Disney+ bringt Dolby Vision HDR in Europa zurück nach Patentstreit

Disney+ bringt Dolby Vision HDR in Europa zurück nach Patentstreit

Disney+ bringt Dolby Vision HDR in Europa zurück – nach einer kurzen Unterbrechung ist das erweiterte Bildformat wieder für viele Nutzer verfügbar. Die Funktion war zuvor für zahlreiche Abonnenten in der Disney+-App verschwunden, ebenso bei 3D-Filmen auf Apples Vision Pro, die ebenfalls Dolby Vision nutzen.

Zunächst hatte Disney von „technischen Herausforderungen“ gesprochen. Inzwischen ist jedoch klar: Hinter der vorübergehenden Entfernung stand ein Patentstreit. Gegenüber FlatpanelsHD erklärte Disney+, dass ein Verfahren vor einem deutschen Patentgericht das Unternehmen dazu gezwungen habe, die Verfügbarkeit bestimmter fortschrittlicher Videoformate in Deutschland und weiteren Märkten anzupassen.

Patentstreit führte zur vorübergehenden Abschaltung

Die Aussage des Streaming-Dienstes bringt nach Wochen der Spekulation mehr Klarheit. Viele Beobachter hatten bereits vermutet, dass juristische Auseinandersetzungen der eigentliche Grund für das Verschwinden von Dolby Vision HDR waren. Jetzt ist bestätigt, dass genau dieser Rechtsstreit hinter der Änderung stand.

Inzwischen ist die Funktion wieder zurück. Auch die 3D-Filme für Vision Pro, die auf dieselbe Videotechnologie setzen, sind erneut verfügbar. Für Nutzer bedeutet das vor allem eine sichtbare Verbesserung bei kompatiblen Inhalten, insbesondere bei Filmen und Serien mit hohem Kontrastumfang.

Streaming-Anbieter geraten immer häufiger unter juristischen Druck

Der Fall zeigt, wie eng technische Innovation und Patentrecht inzwischen miteinander verknüpft sind. Gerade im Streaming-Markt kommt es regelmäßig zu Auseinandersetzungen um Video-Codecs, Bildformate und Übertragungstechnologien. Große Plattformen wie Disney, Amazon und Netflix standen in den vergangenen Jahren immer wieder im Fokus entsprechender Verfahren.

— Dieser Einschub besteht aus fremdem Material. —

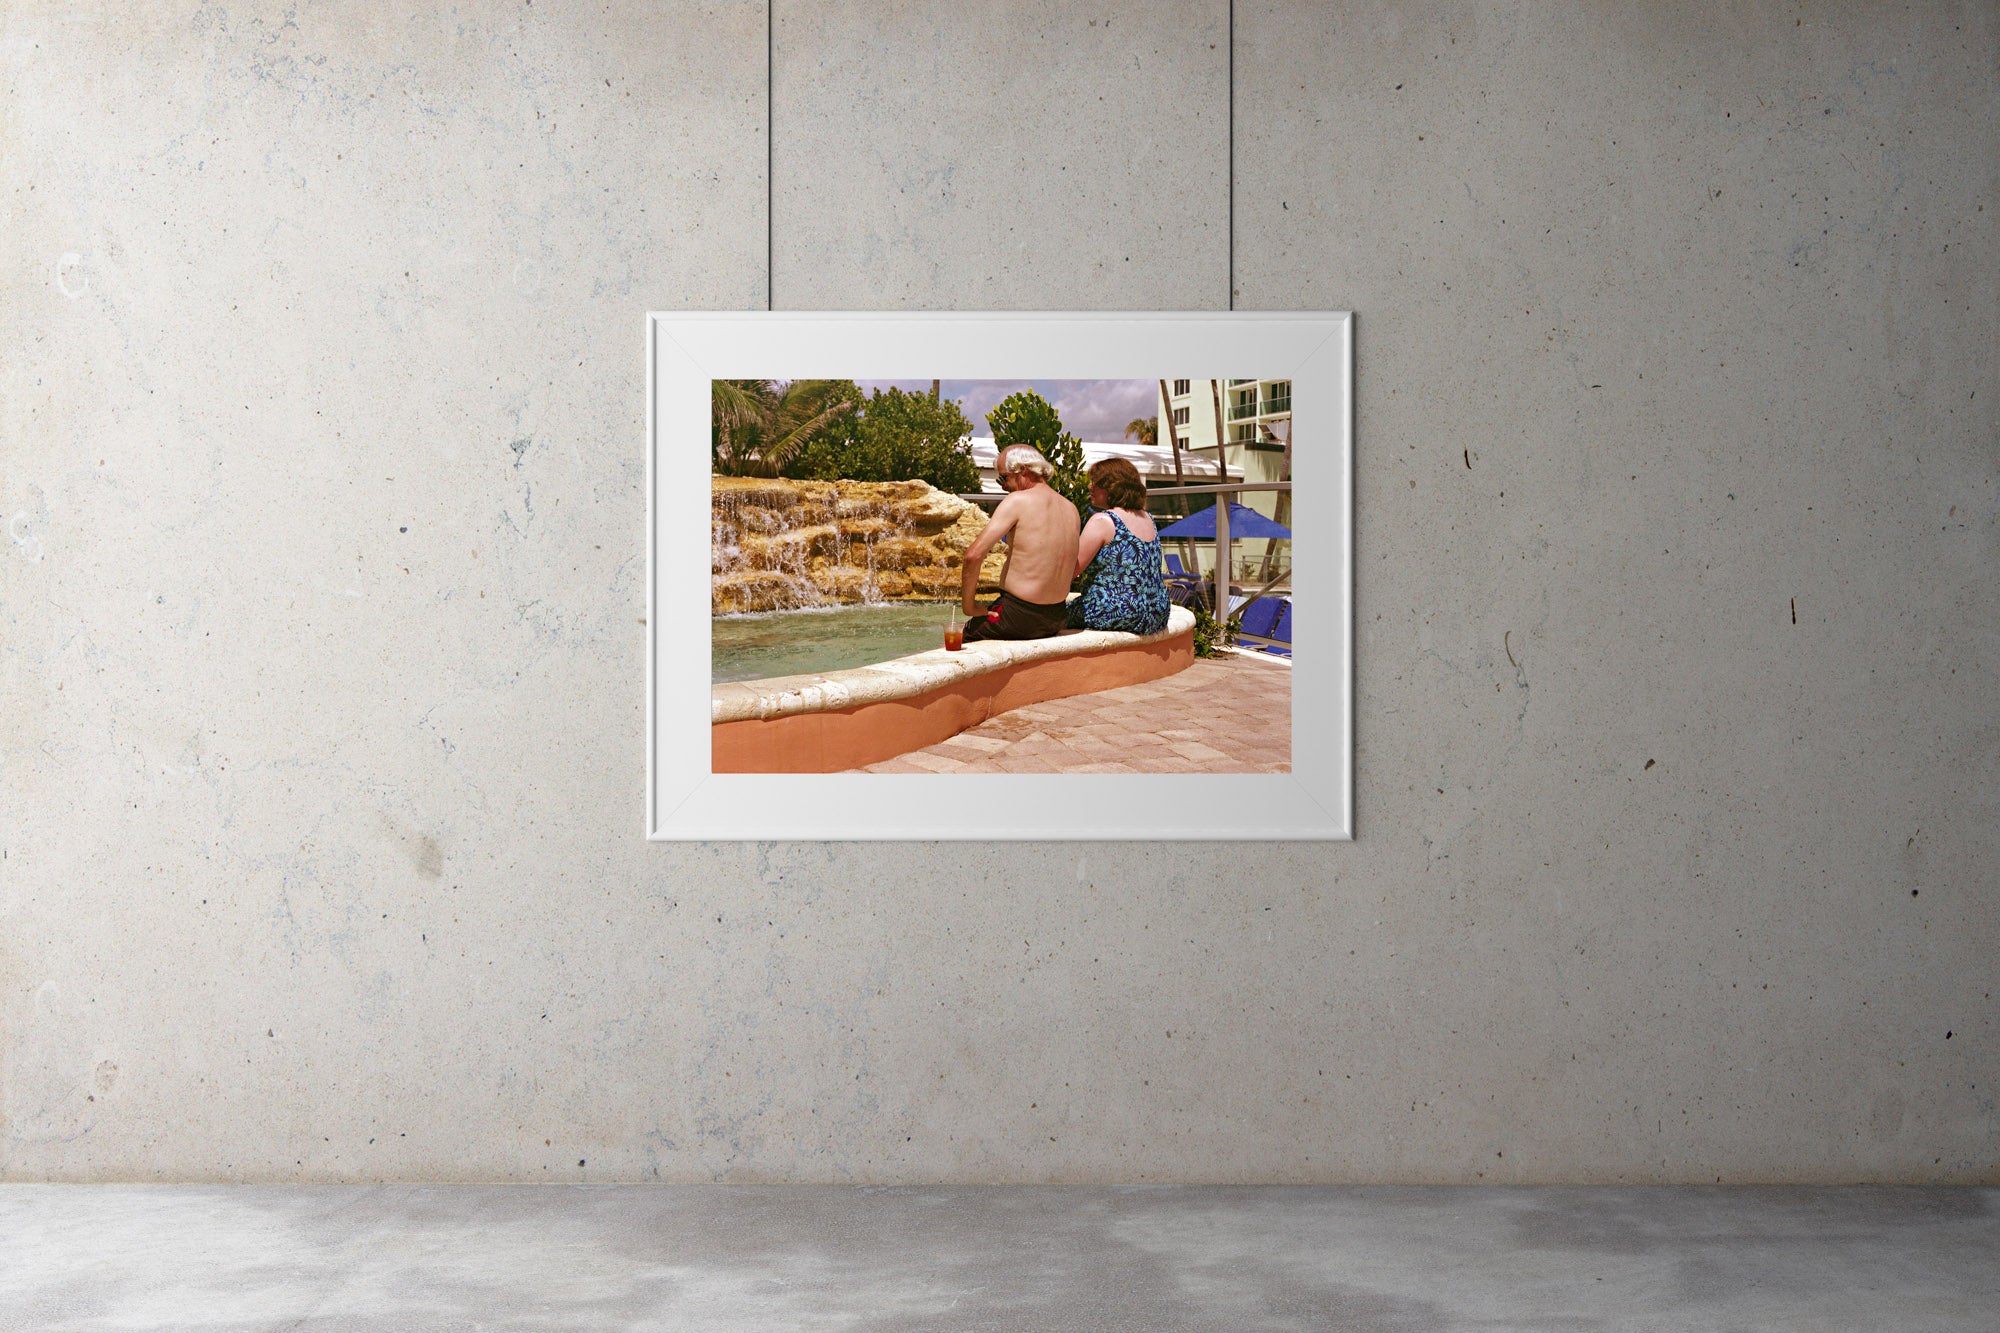 A couple sit buy a rock pool in a Miami hotel drinking cocktails in 1980’s swim suits. Artwork Prints, wallart, Melbourne travel,  Photographic prints,  Framed artwork,  Australian  Photography, wall art, Hotel art, Prints for sale, USA, Miami Film photography, Vintage photo, style  Interior design, Pictures Abstract film photography, photography art

Auch andere Unternehmen aus der Medien- und Elektronikbranche sind betroffen. Der Hintergrund ist meist derselbe: Moderne Videotechnologien bestehen aus zahlreichen einzelnen Bausteinen, die jeweils patentiert sein können. Sobald ein Anbieter diese Technik einsetzt, können Lizenzforderungen oder gerichtliche Streitigkeiten folgen.

Tausende Patente stecken in modernen Videoformaten

Im aktuellen Fall spielte InterDigital eine zentrale Rolle. Das Unternehmen verfügt über fast 12.000 Patente allein im Bereich Videotechnologie und ist dafür bekannt, seine Rechte international durchzusetzen. Klagen wurden in mehreren Regionen eingereicht, darunter Brasilien, Kalifornien und verschiedene Gerichte in Deutschland.

Genau darin liegt das Grundproblem der Branche: Formate wie HEVC oder andere moderne Videostandards basieren auf einer Vielzahl älterer technischer Entwicklungen. Viele dieser Bestandteile gehören unterschiedlichen Konzernen, darunter Sony, Samsung, Microsoft, Panasonic, Toshiba und weitere Technologiefirmen.

Patent-Pools machen Lizenzen einfacher – aber nicht günstiger

Um die Nutzung solcher Technologien überhaupt praktikabel zu machen, arbeiten Patentinhaber häufig in sogenannten Patent-Pools zusammen. Unternehmen, die ein bestimmtes Videoformat einsetzen wollen, erwerben dann eine Sammellizenz, die den Zugriff auf ein größeres Patentpaket ermöglicht.

Billig ist das nicht. Je nach Größe des Streaming-Anbieters und seiner Reichweite können die Lizenzkosten für relevante Video-Codecs schnell in den Millionenbereich pro Monat steigen. Genau deshalb haben Patentfragen heute unmittelbare Auswirkungen darauf, welche Funktionen Plattformen anbieten können – und welche zeitweise verschwinden.

Die Rückkehr von Dolby Vision HDR bei Disney+ dürfte viele Nutzer beruhigen. Gleichzeitig macht der Fall deutlich, dass hinter scheinbar einfachen App-Funktionen oft ein komplexes Netz aus Technik, Lizenzen und Gerichtsverfahren steht.